Central haemodynamics were studied invasively at rest and during ergometer-bicycle exercise in 77 males with essential hypertension aged 17-66 years and in 33 age-matched normotensives. At the start of the study, resting cardiac index, the heart rate, oxygen consumption (VO2) and mean arterial blood pressure were about 15% higher in those hypertensive patients aged 17-29 years than in the normotensives while the total peripheral resistance index was similar in both groups. During exercise, the stroke index decreased significantly and the total peripheral resistance index increased in the hypertensive group. After 10, and then 20 years, central haemodynamics were restudied in the hypertensive patients. The initially high cardiac index-low total peripheral resistance index pattern was reversed after 10 years. At the 20-year follow-up there was a further fall in the cardiac index and a more marked increase in the total peripheral resistance index at rest as well as during exercise. The study has shown a progressively abnormal haemodynamic pattern over two decades in young subjects with essential hypertension, characterized by a reduced cardiac function and excessive systemic vascular resistance.

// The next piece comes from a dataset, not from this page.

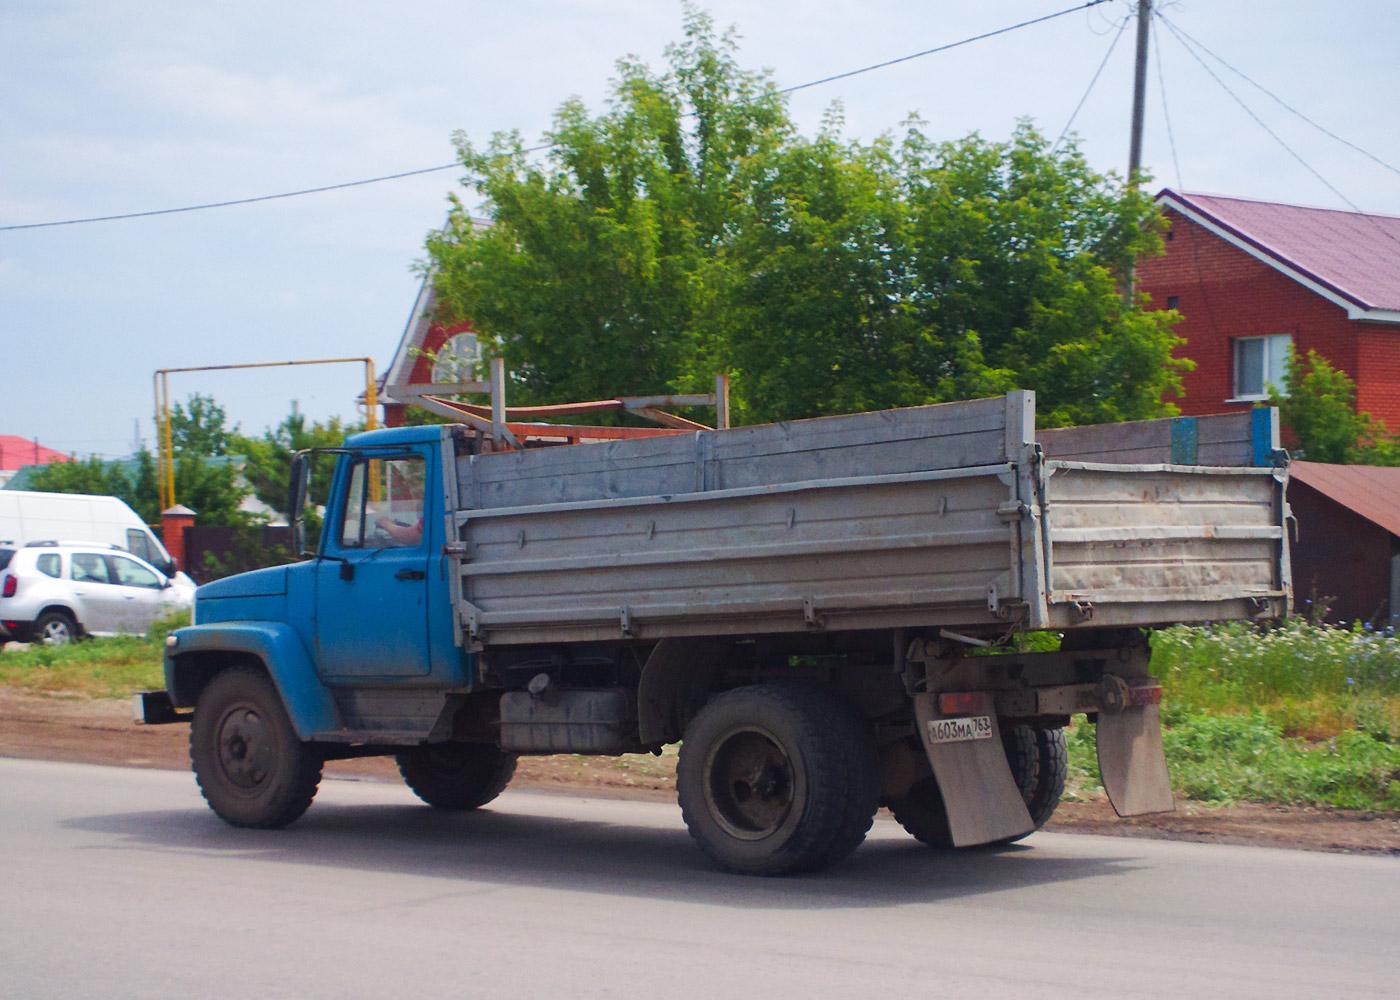 Самосвал ГАЗ-САЗ-3507 на базе ГАЗ-3307 #А603МА763. г. Самара, Новокуйбышевское шоссе

The hemodynamics of the aging cardiovascular system.

Our information on the hemodynamics of the aging cardiovascular system in normotensive and hypertensive subjects is mainly based on cross-sectional studies. In normotensive subjects with no indication of coronary heart disease, recent noninvasive studies seem to indicate that cardiac output at rest and during exercise does not decline with age. These results contrast with what has been found by invasive studies in unselected populations. In hypertensive subjects it is well established that the hemodynamics of young subjects at the early stage differ greatly from what is seen in elderly hypertensive subjects. In the early phase, a high resting cardiac output is typical, whereas in the elderly, cardiac output is very low and total peripheral resistance ITPRI very high. Echo studies have shown that left ventricular hypertrophy develops early in hypertension-together with increased stiffness and reduced left ventricular compliance. A subnormal stroke volume during exercise is seen early in the process of hypertension. Data from the 20-year follow-up study of the Bergen population demonstrate that in groups of young (17–29 years) versus elderly (60–69 years) patients with hypertension with the same mean arterial blood pressure. the hemodynamic mechanisms behind increased blood pressure were widely different. The increase in mean arterial blood pressure during exercise was much steeper in the older subjects than in the younger ones, and TPR was about twice as high during 150 W exercise. Cardiac index (Cl) in the oldest group was approximately half of that in the youngest group. The differing hemodynamic patterns in the young and elderly might have implications for when and how to start drug treatment. and also for what type of treatment to select.